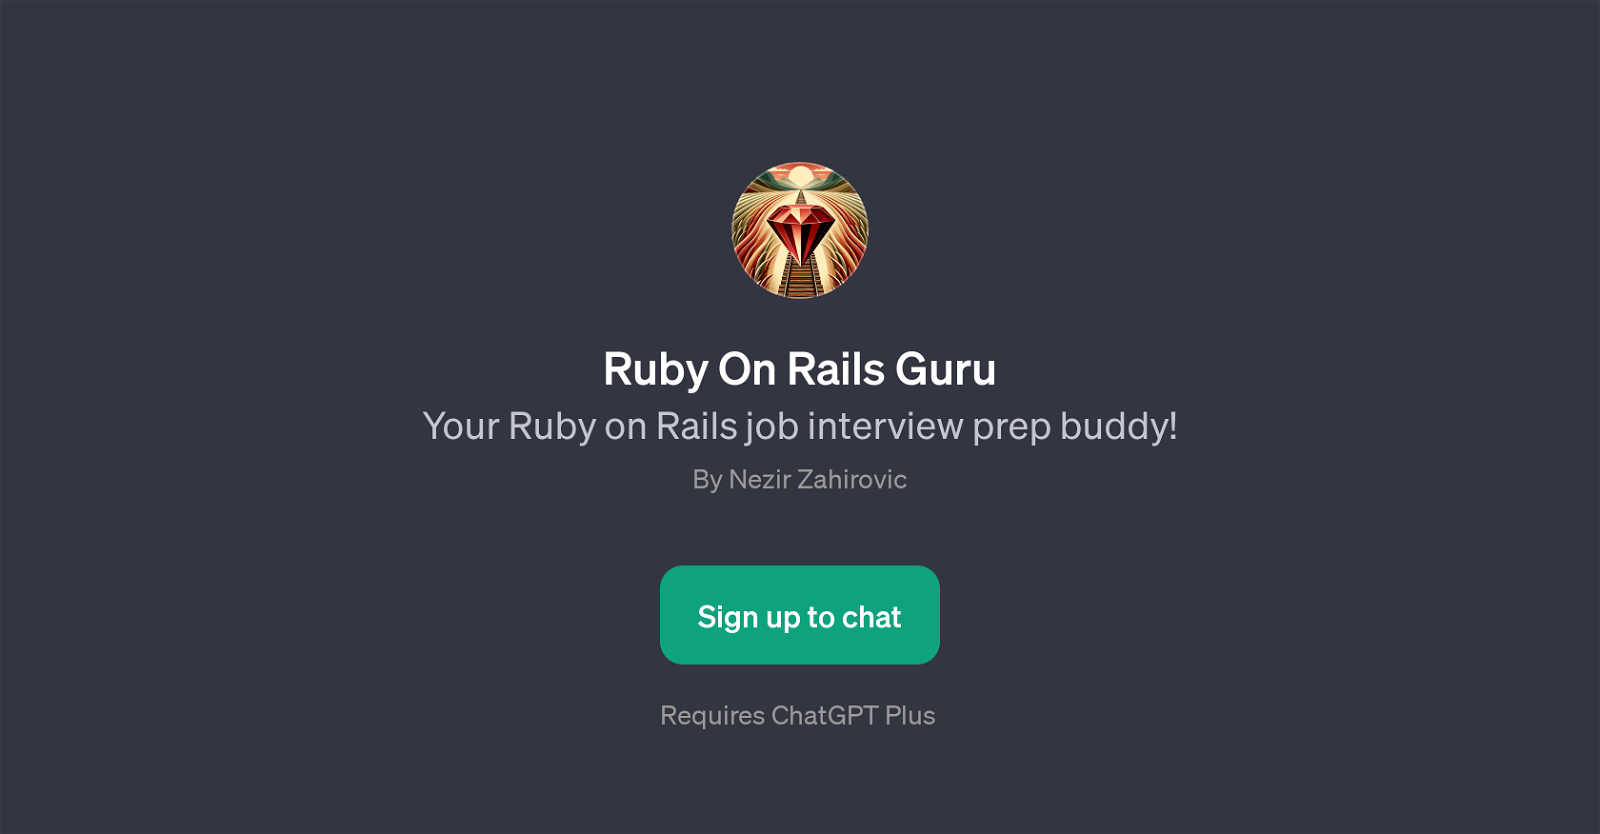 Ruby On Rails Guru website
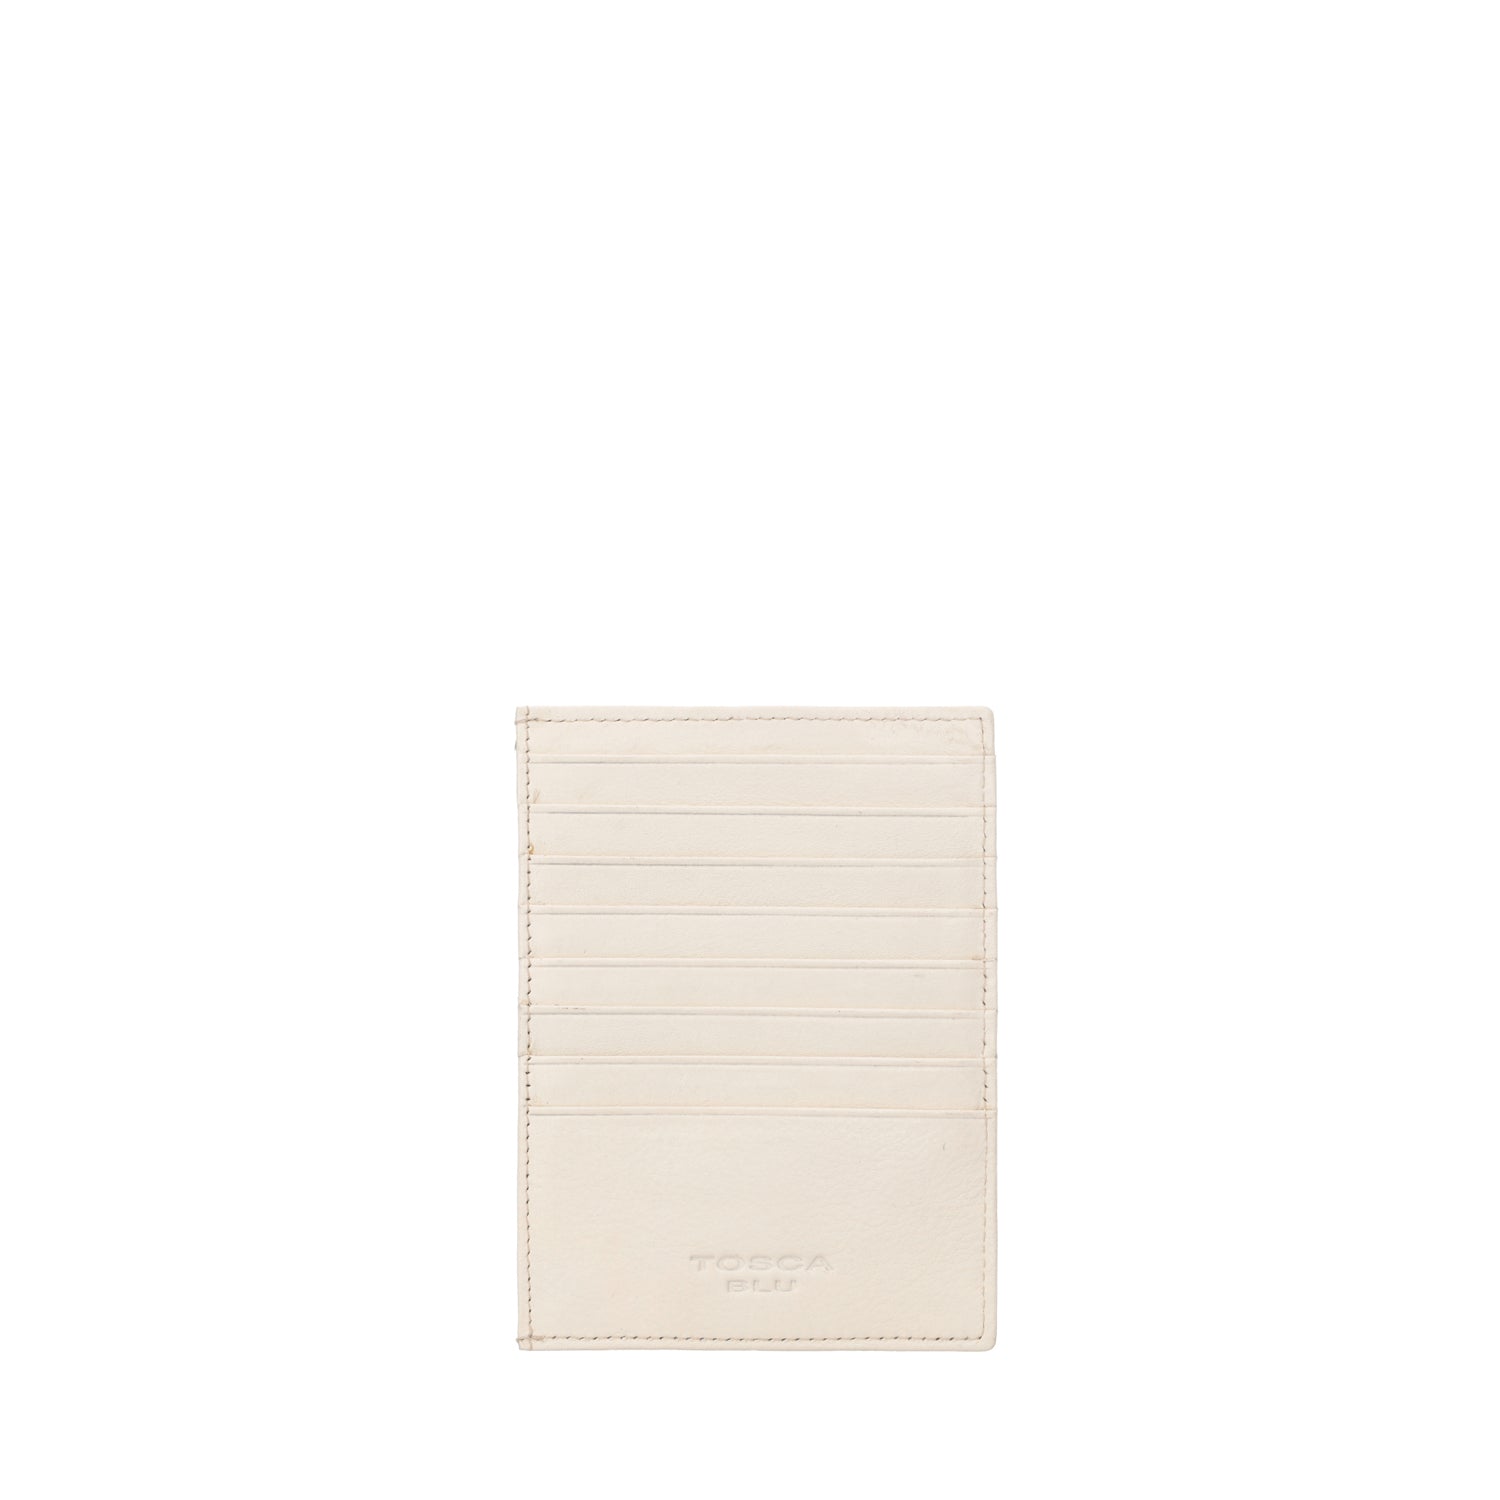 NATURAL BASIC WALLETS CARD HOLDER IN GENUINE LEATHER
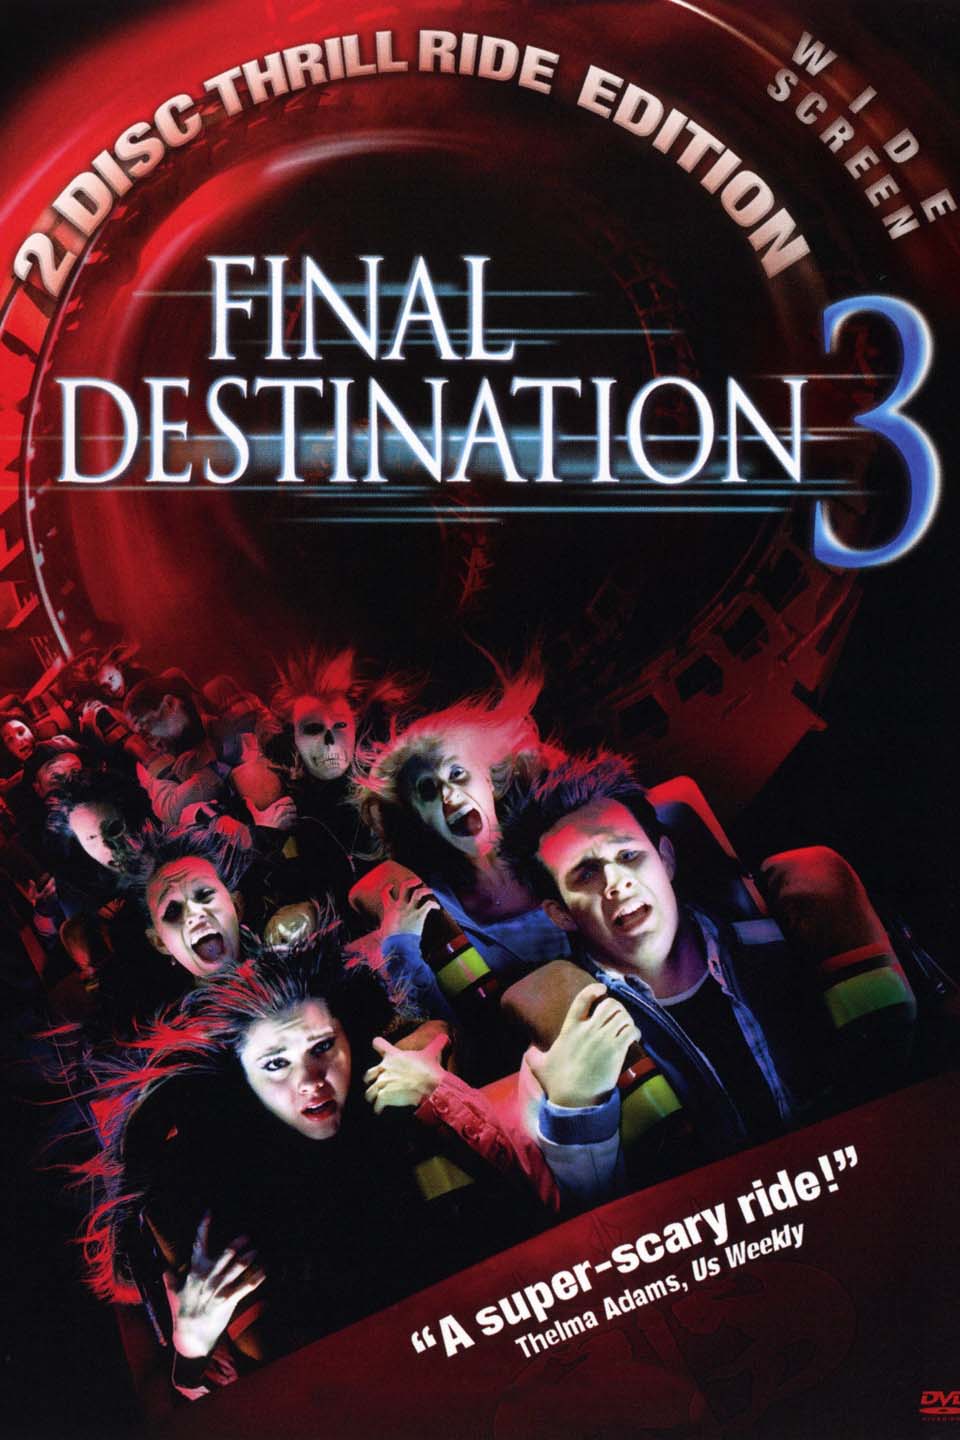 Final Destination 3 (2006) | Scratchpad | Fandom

════════════════════

ASSIGNMENT => Could the material above be given again exactly, pictures excluded?

ANSWER SPACE =>
 Ruby On Rails Guru website
 NATURAL BASIC WALLETS CARD HOLDER IN GENUINE LEATHER
 Final Destination 3 (2006) | Scratchpad | Fandom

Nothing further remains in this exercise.